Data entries
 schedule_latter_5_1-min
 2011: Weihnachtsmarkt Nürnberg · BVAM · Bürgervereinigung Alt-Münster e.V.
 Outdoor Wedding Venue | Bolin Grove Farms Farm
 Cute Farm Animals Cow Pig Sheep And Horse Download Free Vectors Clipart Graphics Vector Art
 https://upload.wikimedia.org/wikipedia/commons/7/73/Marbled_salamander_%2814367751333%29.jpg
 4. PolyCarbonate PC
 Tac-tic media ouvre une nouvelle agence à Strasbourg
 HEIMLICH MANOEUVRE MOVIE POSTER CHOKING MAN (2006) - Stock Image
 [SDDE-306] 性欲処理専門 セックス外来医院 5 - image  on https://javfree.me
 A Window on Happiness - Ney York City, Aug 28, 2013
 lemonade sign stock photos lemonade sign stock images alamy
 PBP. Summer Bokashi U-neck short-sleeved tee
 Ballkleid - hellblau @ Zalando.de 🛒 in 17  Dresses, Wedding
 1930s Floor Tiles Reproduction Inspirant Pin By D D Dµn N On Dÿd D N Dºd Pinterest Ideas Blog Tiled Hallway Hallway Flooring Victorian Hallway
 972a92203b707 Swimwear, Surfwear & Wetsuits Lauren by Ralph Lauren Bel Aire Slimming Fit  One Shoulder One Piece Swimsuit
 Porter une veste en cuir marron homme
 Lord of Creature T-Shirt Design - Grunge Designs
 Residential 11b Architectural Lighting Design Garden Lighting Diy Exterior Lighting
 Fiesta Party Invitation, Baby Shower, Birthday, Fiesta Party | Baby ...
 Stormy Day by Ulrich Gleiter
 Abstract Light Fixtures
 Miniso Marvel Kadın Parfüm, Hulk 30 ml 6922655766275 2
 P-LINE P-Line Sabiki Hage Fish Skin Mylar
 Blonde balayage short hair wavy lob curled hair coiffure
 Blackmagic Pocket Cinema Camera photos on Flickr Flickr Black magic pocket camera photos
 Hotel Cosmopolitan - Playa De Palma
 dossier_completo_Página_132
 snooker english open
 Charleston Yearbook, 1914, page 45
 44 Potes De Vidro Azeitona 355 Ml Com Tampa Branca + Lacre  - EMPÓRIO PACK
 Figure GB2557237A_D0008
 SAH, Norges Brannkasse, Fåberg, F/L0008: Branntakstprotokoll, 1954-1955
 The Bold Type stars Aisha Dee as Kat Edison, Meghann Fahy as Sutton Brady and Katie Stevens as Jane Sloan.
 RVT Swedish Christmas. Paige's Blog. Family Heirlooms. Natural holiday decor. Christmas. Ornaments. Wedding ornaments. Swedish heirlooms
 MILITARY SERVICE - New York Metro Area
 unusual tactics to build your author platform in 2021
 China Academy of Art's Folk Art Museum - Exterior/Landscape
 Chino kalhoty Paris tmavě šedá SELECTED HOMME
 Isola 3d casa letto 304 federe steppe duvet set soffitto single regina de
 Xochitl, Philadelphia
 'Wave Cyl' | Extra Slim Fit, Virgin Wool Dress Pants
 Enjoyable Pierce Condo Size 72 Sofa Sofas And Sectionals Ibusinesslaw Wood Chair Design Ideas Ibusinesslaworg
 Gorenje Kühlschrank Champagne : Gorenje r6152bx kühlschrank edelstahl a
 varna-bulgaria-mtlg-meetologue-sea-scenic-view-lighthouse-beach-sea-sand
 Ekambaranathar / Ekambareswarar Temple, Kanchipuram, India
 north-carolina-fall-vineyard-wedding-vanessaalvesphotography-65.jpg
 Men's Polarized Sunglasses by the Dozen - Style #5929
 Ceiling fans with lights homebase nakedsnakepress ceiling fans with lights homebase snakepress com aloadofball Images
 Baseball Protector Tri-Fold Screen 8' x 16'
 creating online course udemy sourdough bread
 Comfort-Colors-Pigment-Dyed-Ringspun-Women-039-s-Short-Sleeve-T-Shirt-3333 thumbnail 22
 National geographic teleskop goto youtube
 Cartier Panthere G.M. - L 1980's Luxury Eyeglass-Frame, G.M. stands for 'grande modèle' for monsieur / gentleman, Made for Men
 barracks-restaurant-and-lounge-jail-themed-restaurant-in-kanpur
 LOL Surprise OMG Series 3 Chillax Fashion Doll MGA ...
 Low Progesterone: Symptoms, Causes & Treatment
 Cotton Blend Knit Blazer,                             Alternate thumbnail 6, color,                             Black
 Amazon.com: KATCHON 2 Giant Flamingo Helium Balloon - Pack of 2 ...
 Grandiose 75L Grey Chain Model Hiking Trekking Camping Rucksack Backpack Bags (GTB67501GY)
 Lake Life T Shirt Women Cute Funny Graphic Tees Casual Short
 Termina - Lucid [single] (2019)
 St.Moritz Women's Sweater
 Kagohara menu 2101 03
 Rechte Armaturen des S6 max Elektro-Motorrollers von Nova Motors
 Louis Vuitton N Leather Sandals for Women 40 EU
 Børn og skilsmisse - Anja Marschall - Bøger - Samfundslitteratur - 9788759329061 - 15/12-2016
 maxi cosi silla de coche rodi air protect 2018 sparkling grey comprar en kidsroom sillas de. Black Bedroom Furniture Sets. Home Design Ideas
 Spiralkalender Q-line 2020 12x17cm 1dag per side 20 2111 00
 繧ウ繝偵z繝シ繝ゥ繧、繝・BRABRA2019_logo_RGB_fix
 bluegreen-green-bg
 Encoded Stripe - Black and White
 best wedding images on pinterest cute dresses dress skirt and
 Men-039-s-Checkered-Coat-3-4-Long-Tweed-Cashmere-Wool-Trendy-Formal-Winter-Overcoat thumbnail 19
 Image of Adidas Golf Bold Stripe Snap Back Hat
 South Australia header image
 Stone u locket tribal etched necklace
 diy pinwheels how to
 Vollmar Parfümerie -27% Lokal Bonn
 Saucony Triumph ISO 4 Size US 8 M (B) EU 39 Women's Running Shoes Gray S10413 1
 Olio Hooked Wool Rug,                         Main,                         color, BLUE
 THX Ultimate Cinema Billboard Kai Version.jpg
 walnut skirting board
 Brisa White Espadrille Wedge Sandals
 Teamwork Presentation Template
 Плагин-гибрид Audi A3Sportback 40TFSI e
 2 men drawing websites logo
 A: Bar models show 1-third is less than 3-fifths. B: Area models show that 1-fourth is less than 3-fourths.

*Problem requirements*
Looking at the records above, return exactly the lines from the line with "44 Potes De" to the line with "Wool Dress Pants", both ends included.

*Finished task*
 44 Potes De Vidro Azeitona 355 Ml Com Tampa Branca + Lacre  - EMPÓRIO PACK
 Figure GB2557237A_D0008
 SAH, Norges Brannkasse, Fåberg, F/L0008: Branntakstprotokoll, 1954-1955
 The Bold Type stars Aisha Dee as Kat Edison, Meghann Fahy as Sutton Brady and Katie Stevens as Jane Sloan.
 RVT Swedish Christmas. Paige's Blog. Family Heirlooms. Natural holiday decor. Christmas. Ornaments. Wedding ornaments. Swedish heirlooms
 MILITARY SERVICE - New York Metro Area
 unusual tactics to build your author platform in 2021
 China Academy of Art's Folk Art Museum - Exterior/Landscape
 Chino kalhoty Paris tmavě šedá SELECTED HOMME
 Isola 3d casa letto 304 federe steppe duvet set soffitto single regina de
 Xochitl, Philadelphia
 'Wave Cyl' | Extra Slim Fit, Virgin Wool Dress Pants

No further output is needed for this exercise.